I'm starting a thread for this, which I hope/expect to die. It's in response to a subtopic in the F1 2024 thread which I half regret stirring up, and I'm sticking this here because that thread was getting back to folks enjoying discussion of F1 and it didn't need more of my grousing about that series. I don't recommend bothering, but the context is here: https://grassrootsmotorsports.com/forum/grm/formula-1-2024-season/260268/page1/
In reply to alfadriver :
The Pinnacle. It is because we say it is. But it's a chicken and egg problem. I really think that if a new series had F1's issues with the ability to race, prescriptive design, contrived rules for both construction and competition, it would never even survive to its second season. F1 gets to keep trundling along because it's F1™, and retains the luminaries. That's not nothing; they are the very best, and would be if they were racing Formula Vee. My point, such as it is, is that the FIA no longer really deserves these people, but unless and until everyone agrees on a different pinnacle, that's where the funding will be and where the best drivers and engineers will remain. If something has enough problems, it makes sense to question whether it should be the pinnacle regardless of whether the heir is obvious, or even extant yet.
I think we agree that BOP and DRS are band-aids because the racing would otherwise not be compelling. Which tools are acceptable is a matter of opinion. I don't love BOP, but I feel that it makes sense to try to make changes that simply reduce the gaps in capability. DRS, to me, feels too much like the Mario Kart algorithm of "you're behind right now in this race, here's a boost." It's not addressing the question of whether car A lacks capability compared to car B, it's just making it possible for the car behind to make a pass that the current cars are incapable of doing for too much of the time without that intervention. Maybe it was a necessary step, but for it to be in its fourteenth year with no sunset in sight feels like they've failed at what should have been a (the?) top priority, if a really hard one. The lack of a better solution suggests to me that the people running F1 are not of the same caliber as the people racing F1 (it feels like a management issue, as F1s technical department has usually been staffed by former team technical heads, right? I was just sanity checking myself and read about Tim Goss' departure as technical director, with an observation about the FIA being unwilling to make changes...)
They've tried smaller wings, but have they tried no wings? I'm not an aerodynamicist, but it seems to me that splitters, dive planes, etc should be much less affected by dirty air than wings. Wings are really efficient, so small ones have a relatively large contribution. But if they lose all that efficiency in dirty air, we can't without intervention.

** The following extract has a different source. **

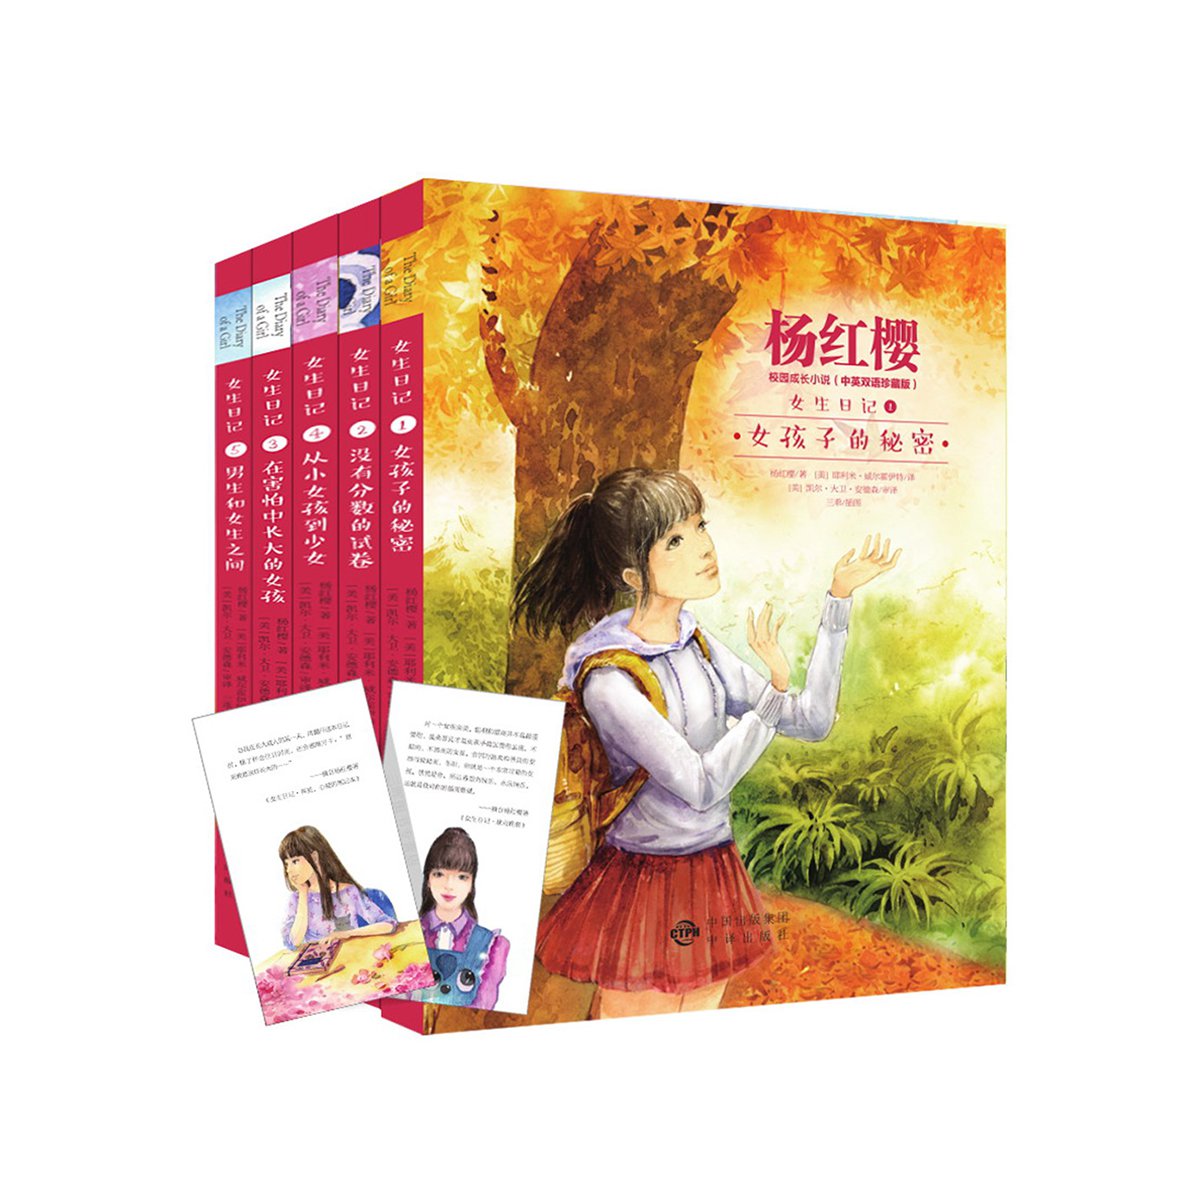 7-10岁 杨红樱女生日记1-5 共5册(女孩子的秘密 没有分数的试卷 在
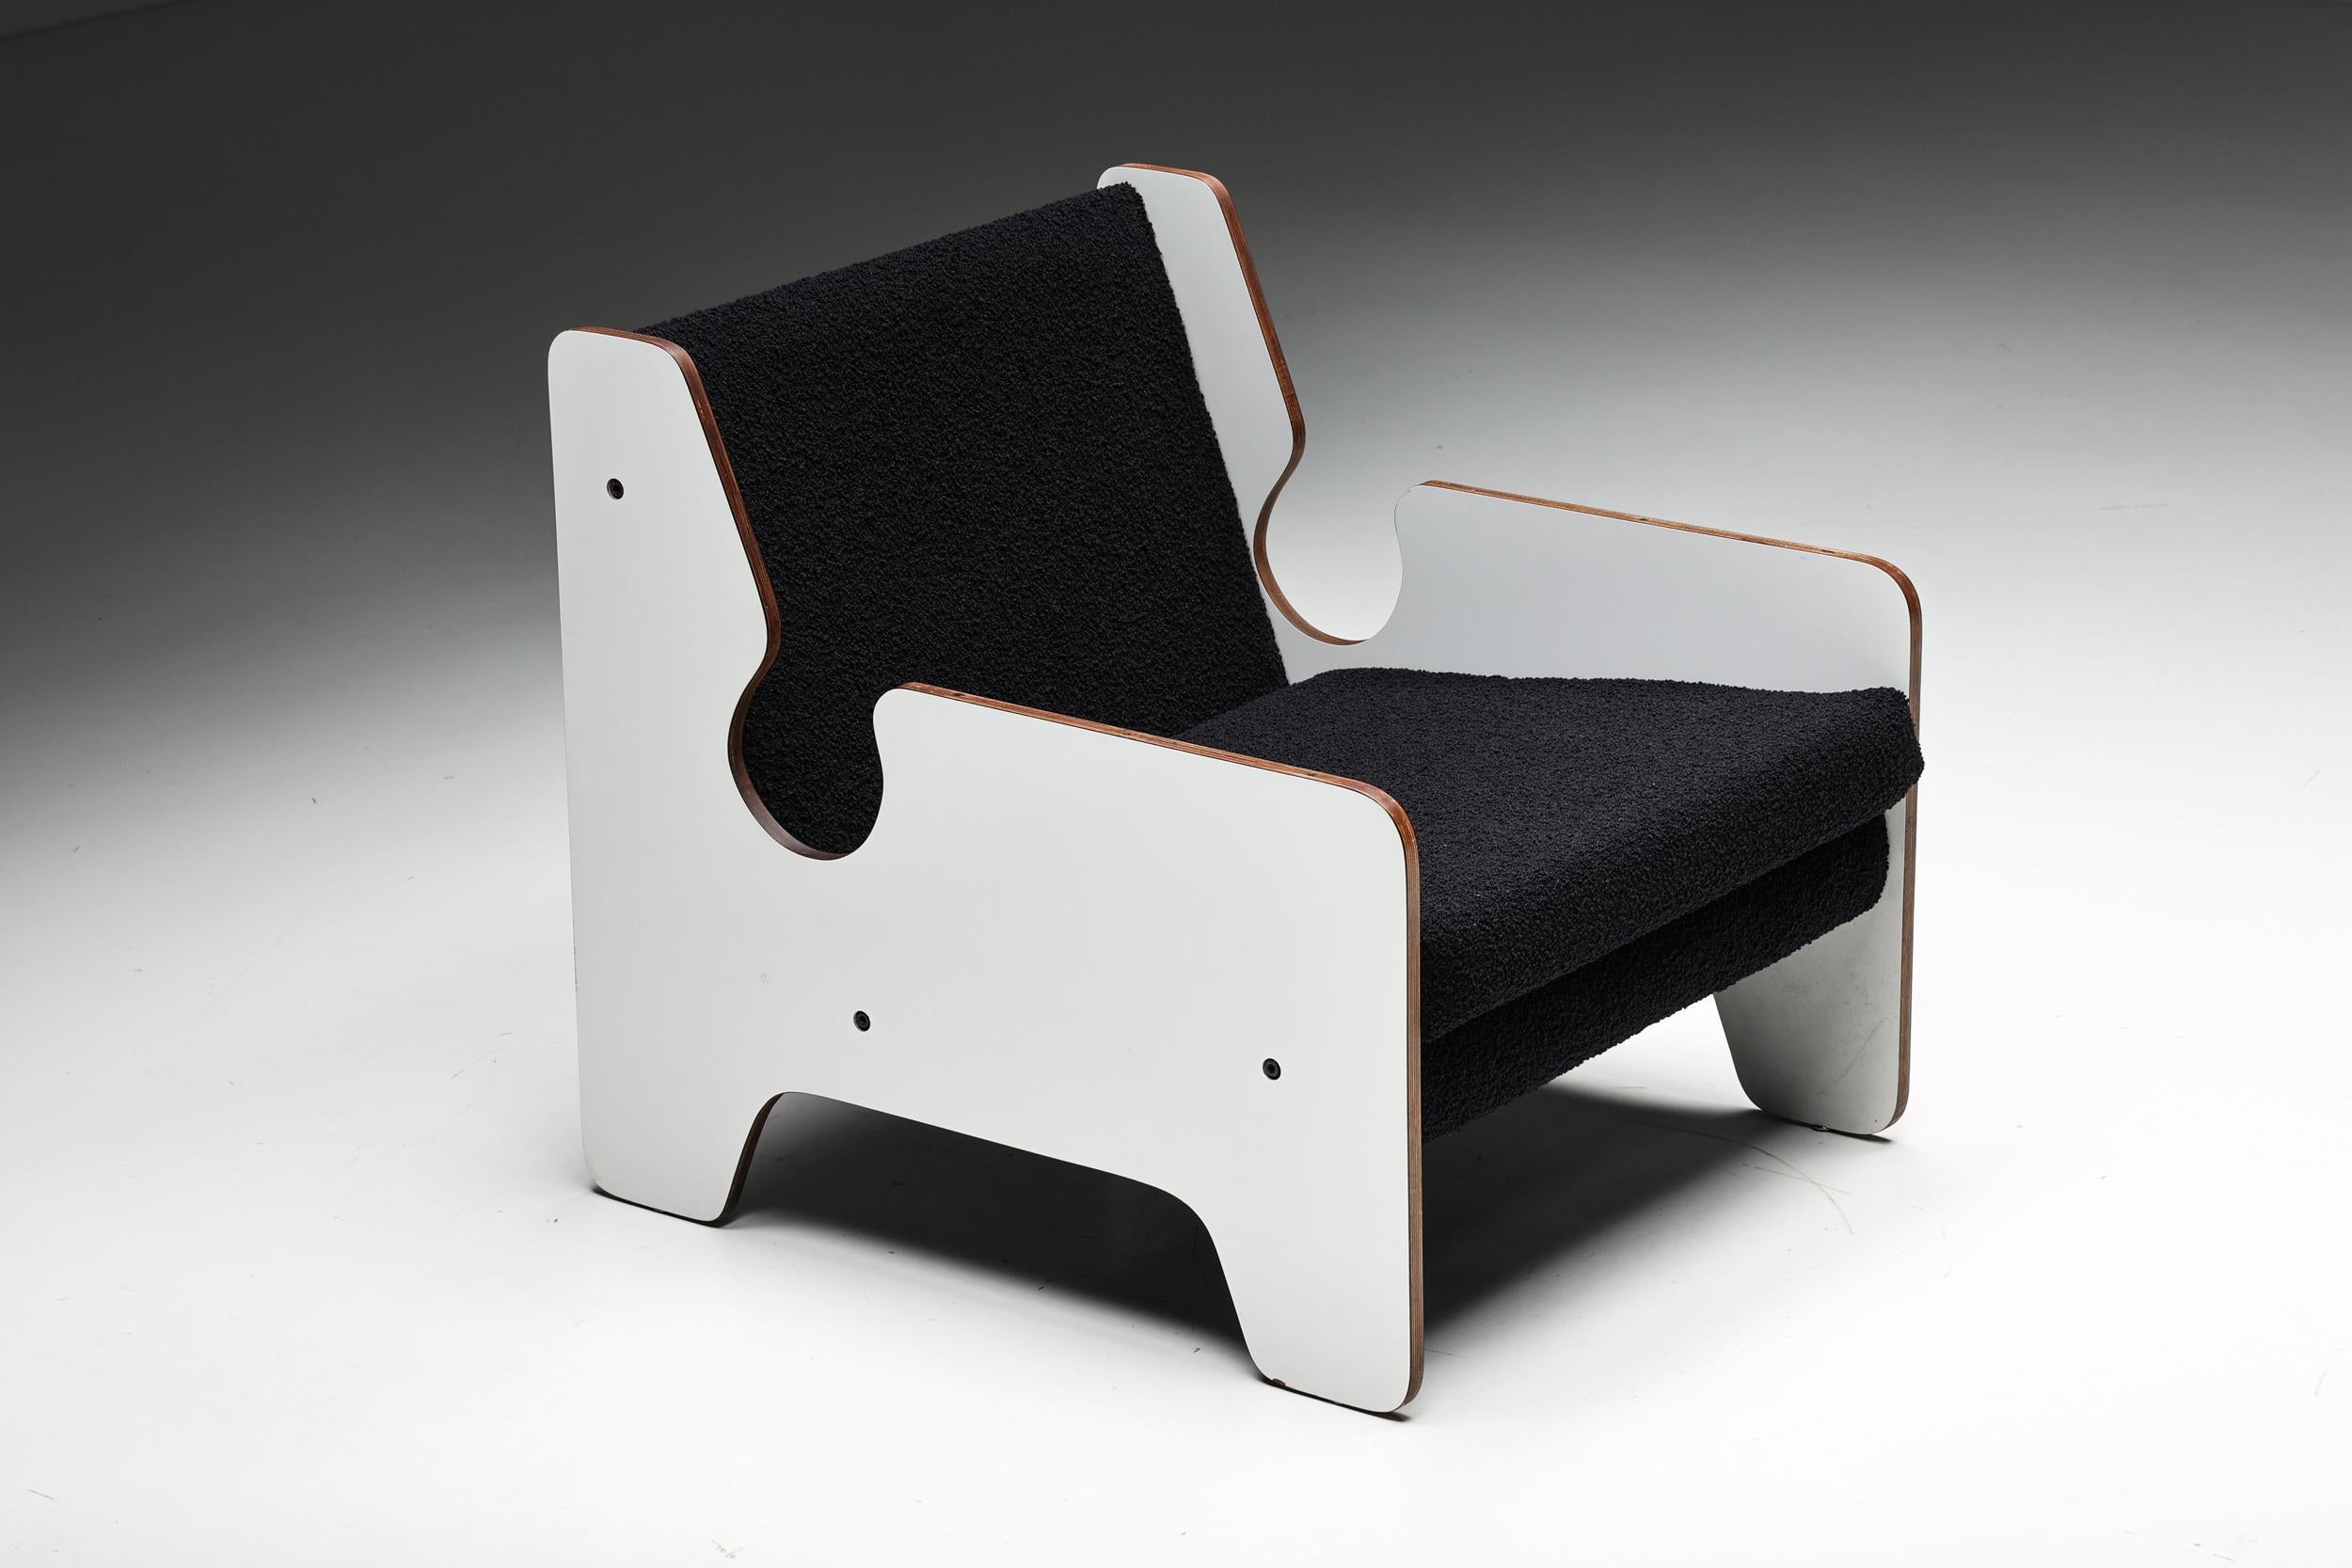 Chaise longue italienne postmoderne noire et blanche, un magnifique meuble qui allie de manière transparente l'élégance intemporelle de l'ère du design des années 1970 à une touche contemporaine. Rembourrée en tissu bouclé, cette chaise unique est

All credit to Keith for the idea, sign me up for closed chassis. They're only notionally open anything right now with the pods, tire covers, and halos, and this aligns with my curiosity about losing the wings. Tradition? Fangio didn't have wings. At some level, we have what we have through the power of marketing and perception. At some point it's going to be time to celebrate a new direction rather than a tenuous link to historical cars. And that will be up to the FIA (or up to someone disrupting the whole thing with a new series, but I can't imagine funding that) because there isn't room in the rules for a team to show up with a different answer that solves the problem for them and changes the way cars are built like the moves to mid engine, the adoption of wings, or the introduction of ground effect. Fan cars? What if we brought that back and basically made wings and tunnels redundant? I don't love it, but perhaps it's a way to have downforce relatively unaffected by surrounding traffic and with enough control and capacity to avoid issues like porpoising and losing all downforce with small changes in ride height? Maybe it's a terrible idea, but at least I've contributed something to provide scale for the sort of change I think F1 needs to consider.
Thanks for reading, apologies for the tangent.